INPUT DATA
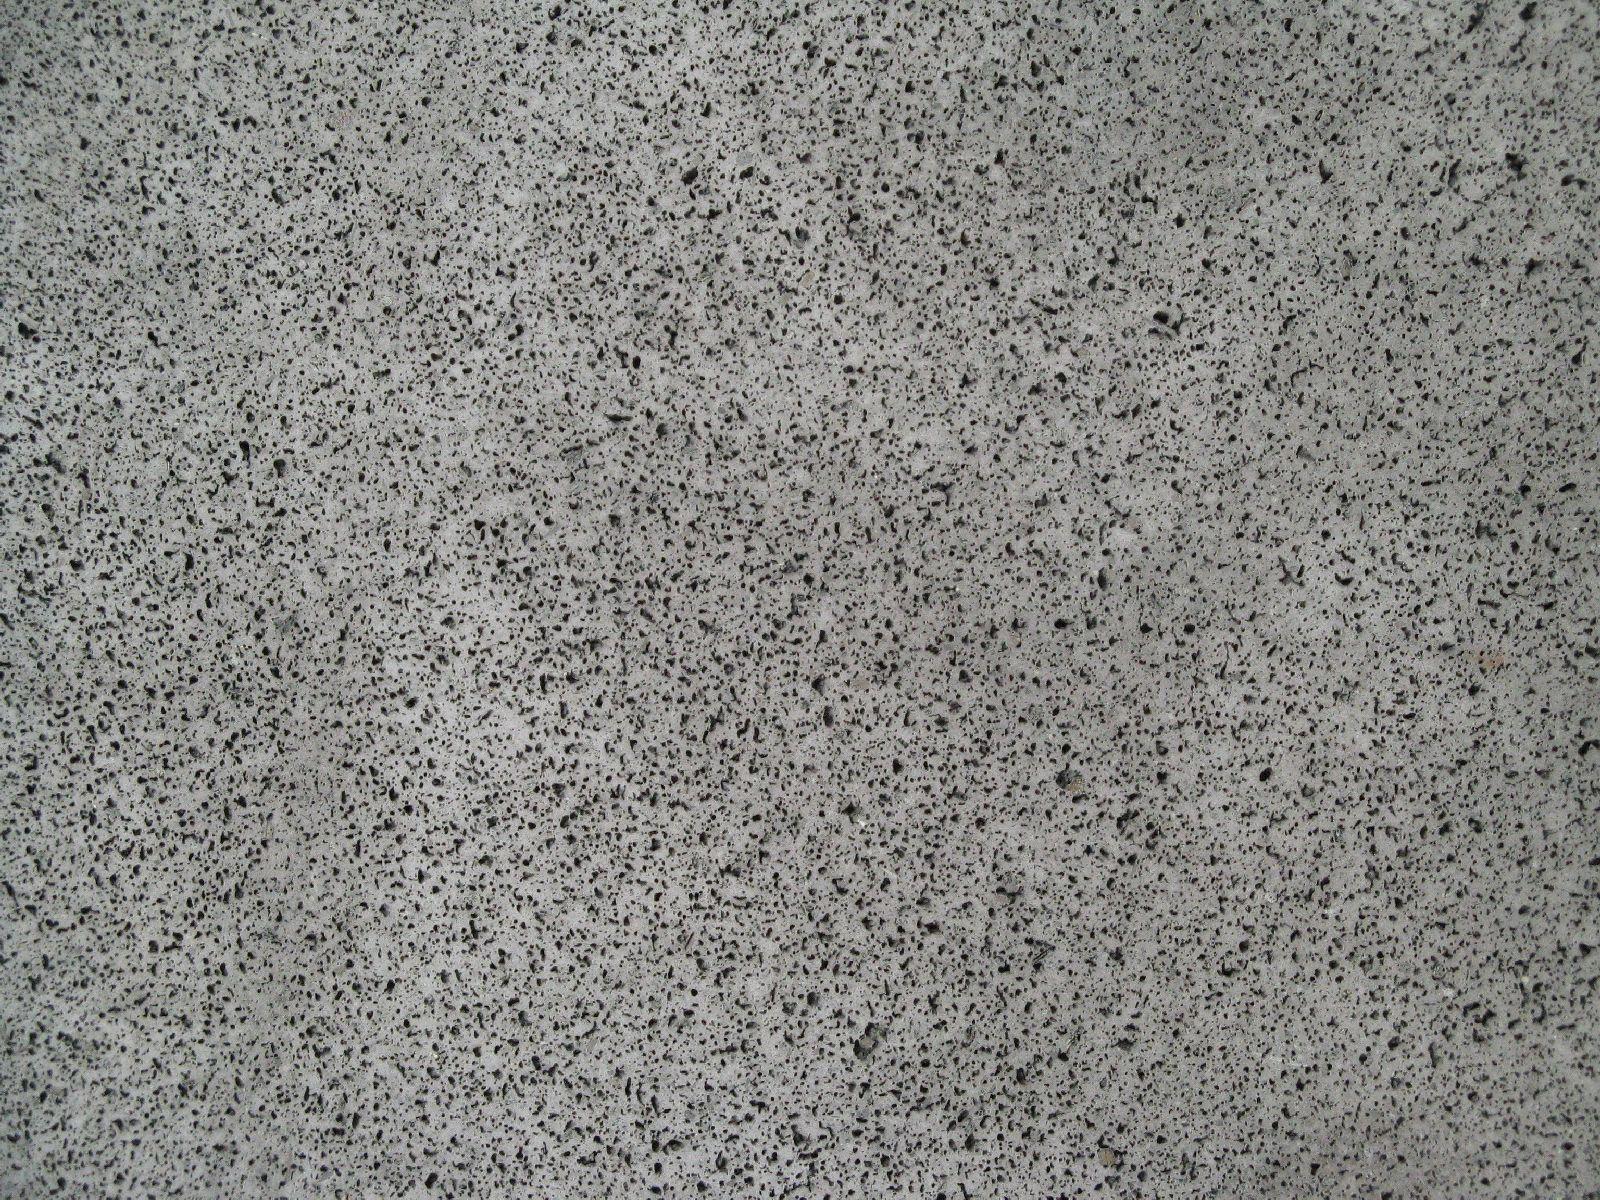 Boden-Gehweg-Strasse-Buergersteig-Textur_B_0415
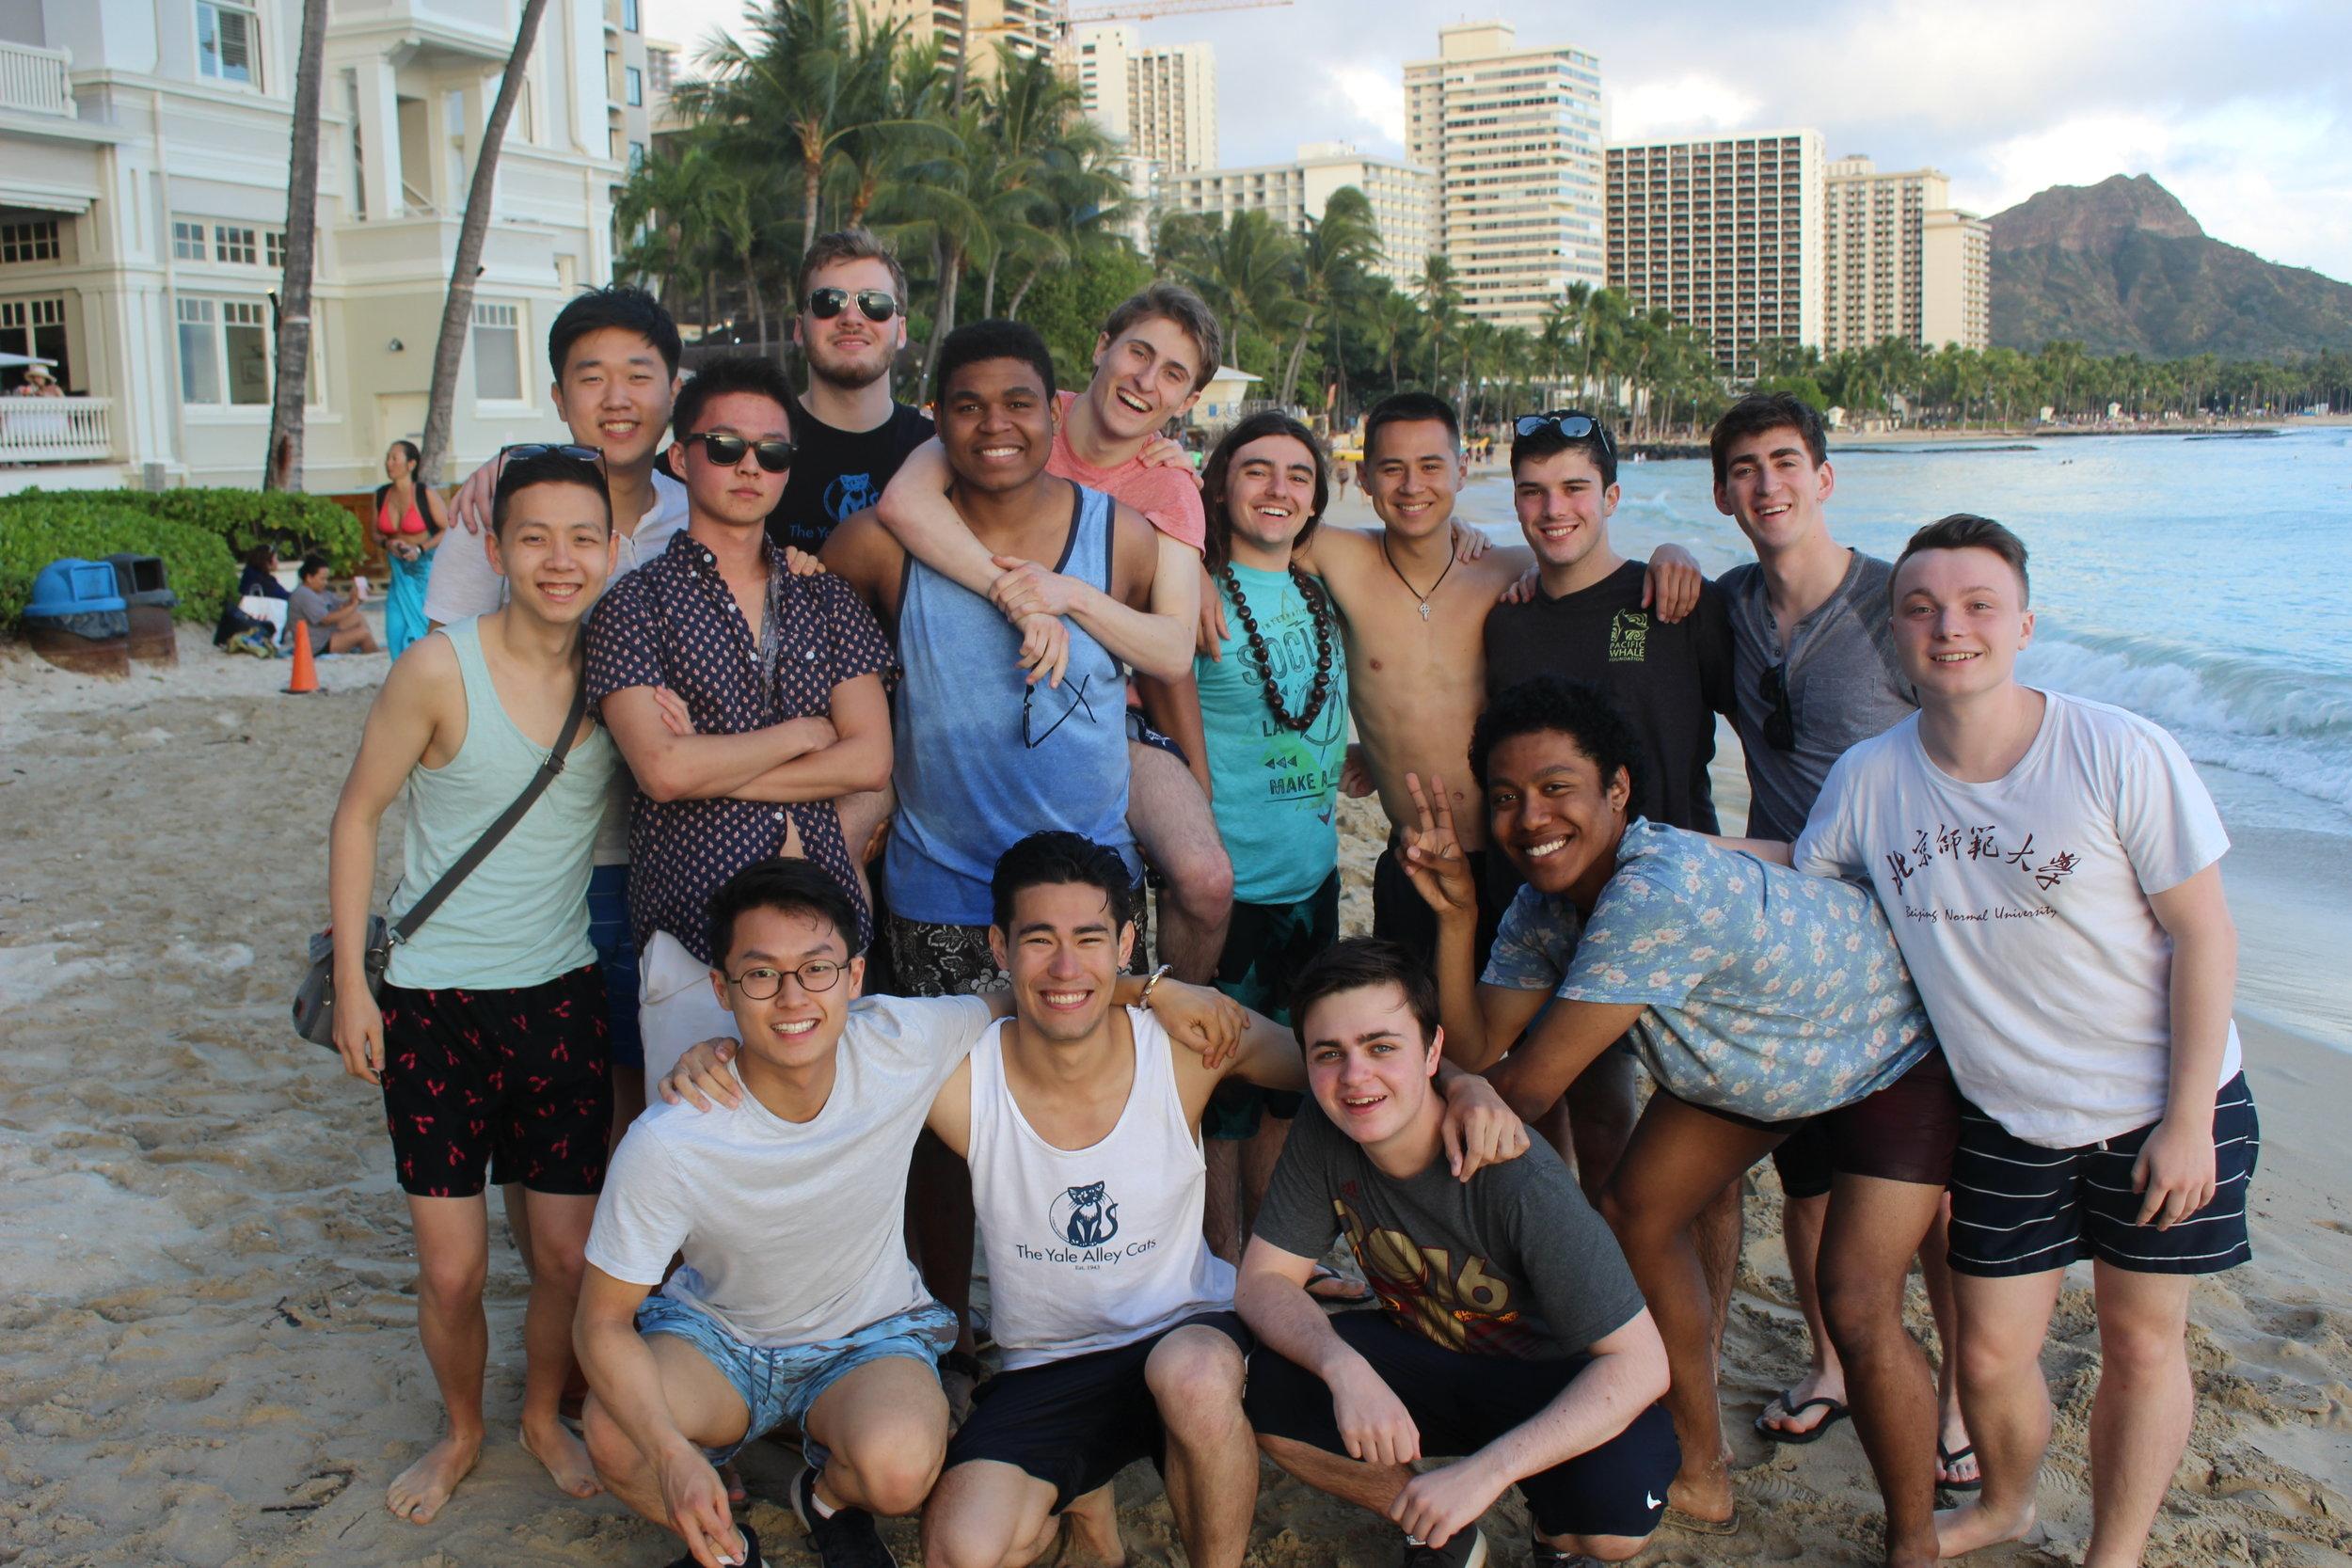 Group photo on Waikiki Beach in Honolulu
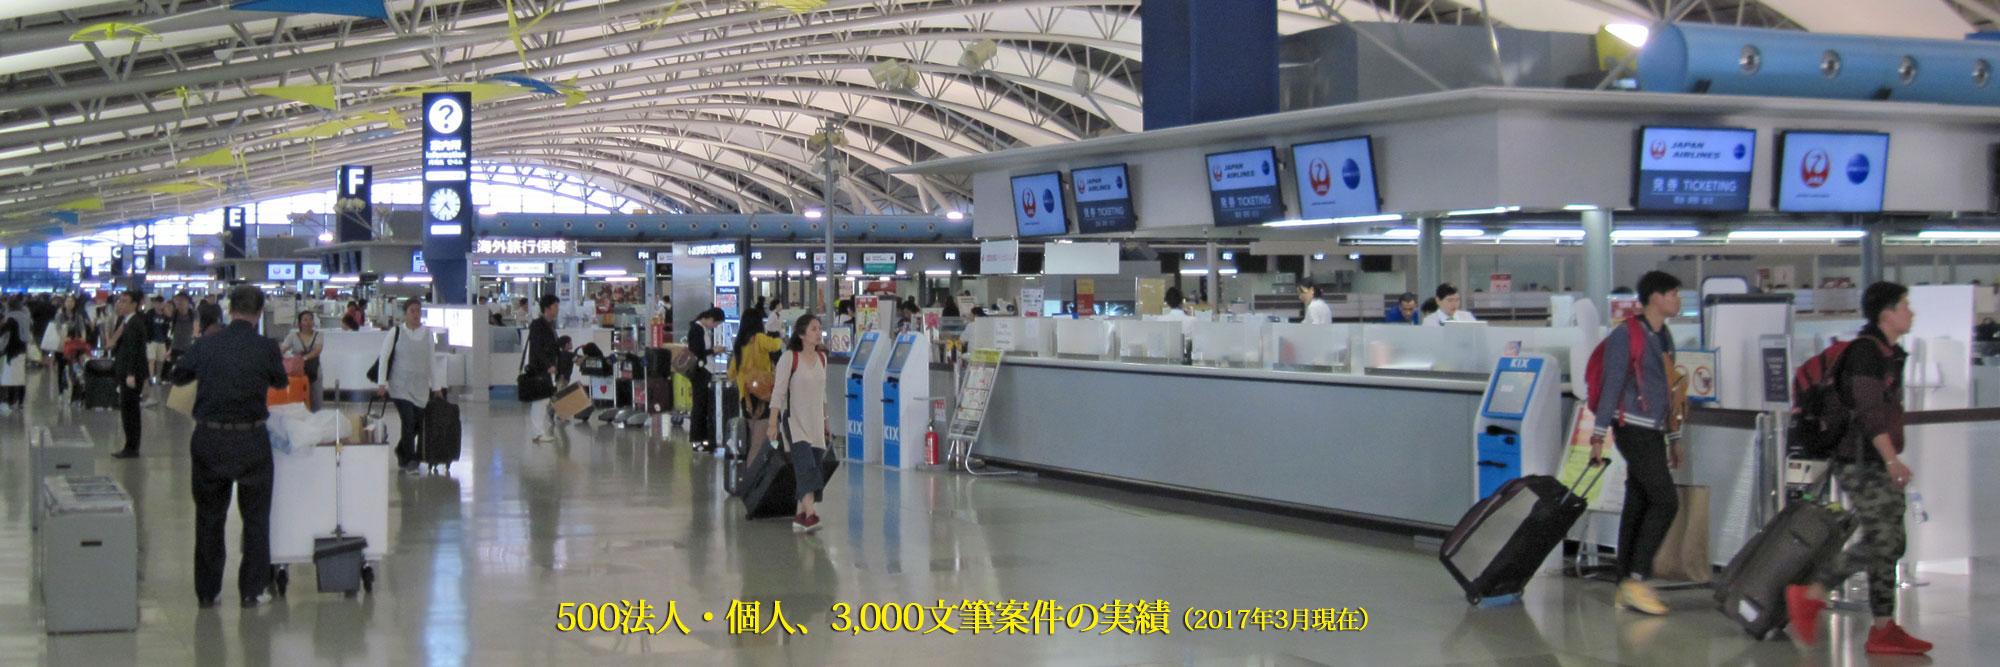 関西ライターミナル(旧関西ライター名鑑)

AIM OF THE EXERCISE
Pictures are to be omitted. Print exactly the lines from the line containing "Group photo on Waikiki Beach in Honolulu" through the final line of the material above, both included.

RESPONSE FOR THIS EXERCISE
 Group photo on Waikiki Beach in Honolulu
 関西ライターミナル(旧関西ライター名鑑)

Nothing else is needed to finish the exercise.